As early as 1842, O'Shaughnessy reported that oral Cannabis blocked tetanic convulsions and reduced muscular spasms in his patients afflicted with epilepsy, tetanus or rabies, while in 1890 Reynolds claimed that oral Cannabis was useful in the management of "choreoid and epileptoid clonic spasms." During the latter 19th century, Cannabis was commonly employed as a general antispasmodic agent, and several recent reports appear to provide some justification for this use. In 1981, Petro and Ellenberger reported that delta-9- Tetrahydrocannabinol (THC), the major psychoactive cannabinoid of Cannabis, reduced spasticity of multiple sclerosis, and in 1983 Cliffored reported that THC reduced tremor in a few patients with the same disease. Also in 1980 Cunha et al. reported that cannabidiol (CBD), a major nonpsychoactive cannabinoid of Cannabis, prevented convulsions in epileptic patients who were largely refractory to standard antiepileptic drugs.

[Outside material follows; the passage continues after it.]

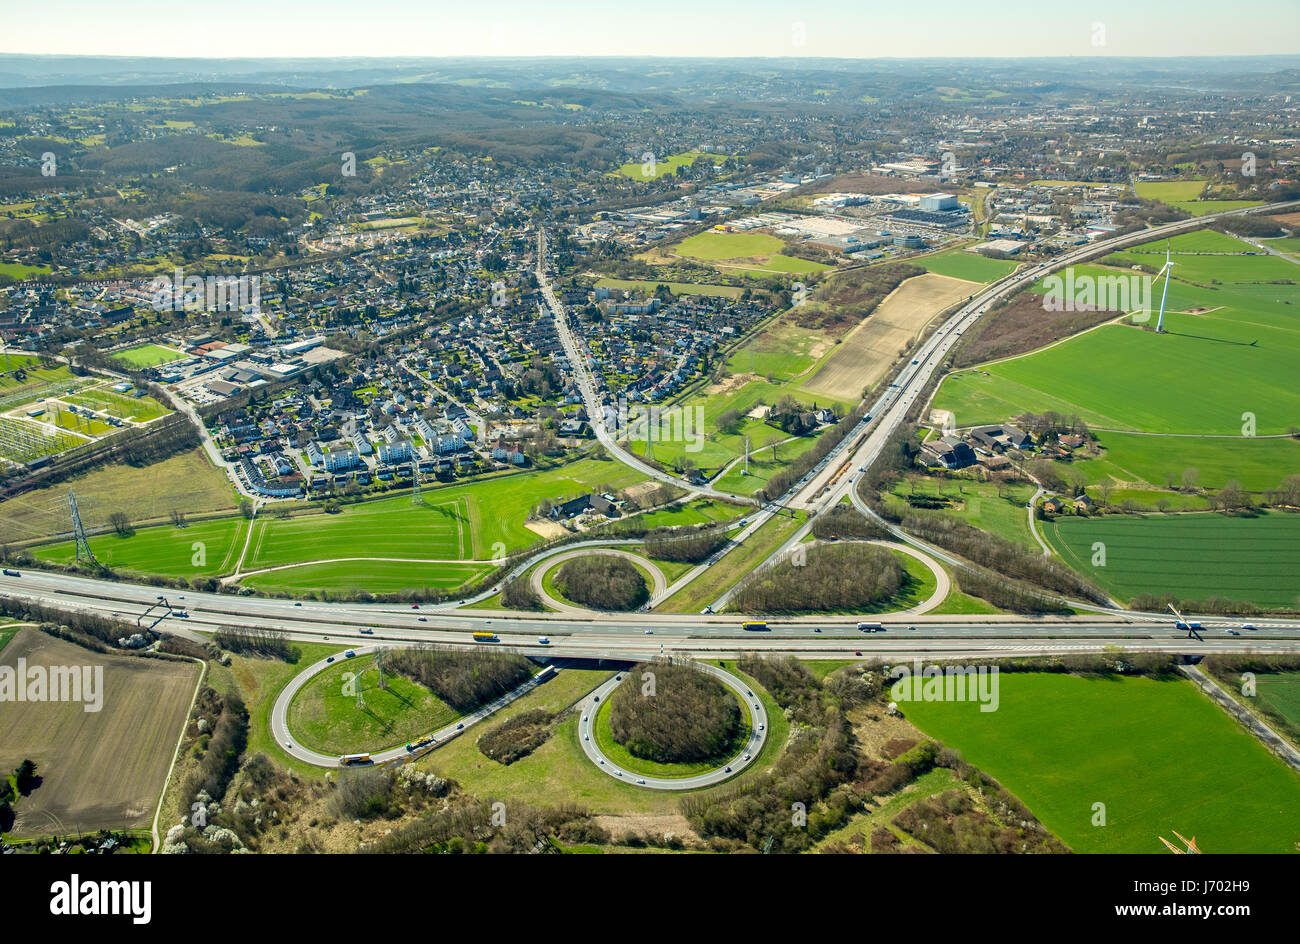 Il triangolo autostradale A45 e A44 autostrada Dortmund-Kruckel, Dortmund, la zona della Ruhr, Renania settentrionale-Vestfalia, Germania,Autobahndreieck Autobahn A45 und Autobahn Foto Stock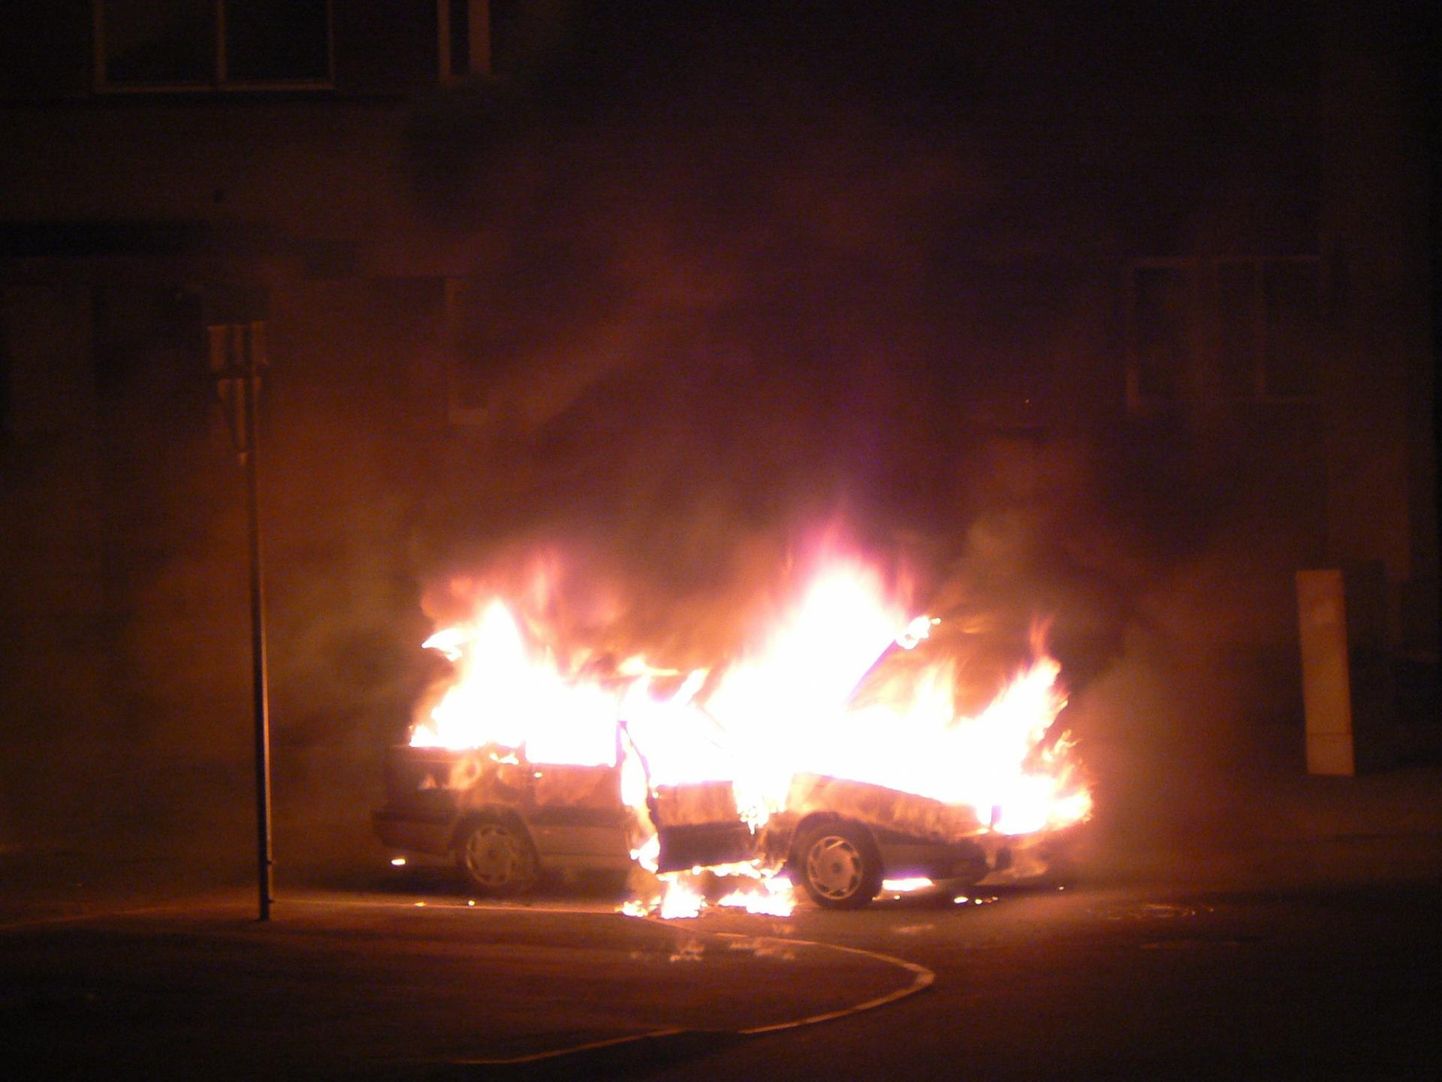 Täna öösel põles Pärnus Bauhofi ehitusmaterjalide kaupluse juures sõiduauto. Foto on illustreeriv.

Recently, it has been mentioned that patients with idiopathic
dystonia (a group of disorders characterized by abnormal movements and postures produced by prolonged spasms of muscle contractions) improved with Cannabis smoking (Marsden, 1981). In addition, findings of potent effects
of cannabinoids on reserpine-induced hypokinesia in rats led to the suggestion that cannabinoids might have antidystonic properties in humans (Moss et al., 1984). In light of the above, we initiated an open trial of CBD in a patient with Meige's syndrome (Blepharospasm-oromandibbular dystonia) (Snider & Consroe, 1984) and a patient with levodopa-induced dystonia (Snider & Consroe, 1985). We now present the results of our preliminary open study of oral CBD in these two cases and in three additional patients with primary dystonia.
METHODS
Five patients with dystonic movement disorders participated in our approved study (University of Arizona Human Subjects Committee and the U.S. Food and Drug Administration) after receiving informed consent. Patients No. 1, 3 and 5 were currently taking antidystonic medication but were only partialy controlled by these agents. Patient Nol 4 had persistent disabling generalized dystonia despite trials to reduce the dosage of his current
antiparkinsonism medication. Finally, Patient No. 2 was presently taking only antihypertensive medication. The clinical characteristics of the patients are shown in Table I
Oral CBD (in capsules with sesame oil vehicle) was started at 100mg/day and subsequently increased weekly by 100 mg/day to a maximum of 600 mg/day. Clinical response to treatment with CBD was assessed by using a standard dystonia movement scale, ranging from 0 to 120 (Burke et al., 1985). Patients were evaluated "live" by 1 neurologist (S.R.S.) at baseline (1 day before CBD administration), 6 weekly intervals during CBD administration, and 2 and 7 days after the cessation of CBD; examinations of patients were carried out at the same time of day. The therapeutic results were expressed as a percentage change from the baseline dystonia
movement score. Patients were also vidiotaped according to a standard format (Burke et al., 1985), and the presence or absence of improvement to CBD therapy was assessed independently by another neurologist (R.S.)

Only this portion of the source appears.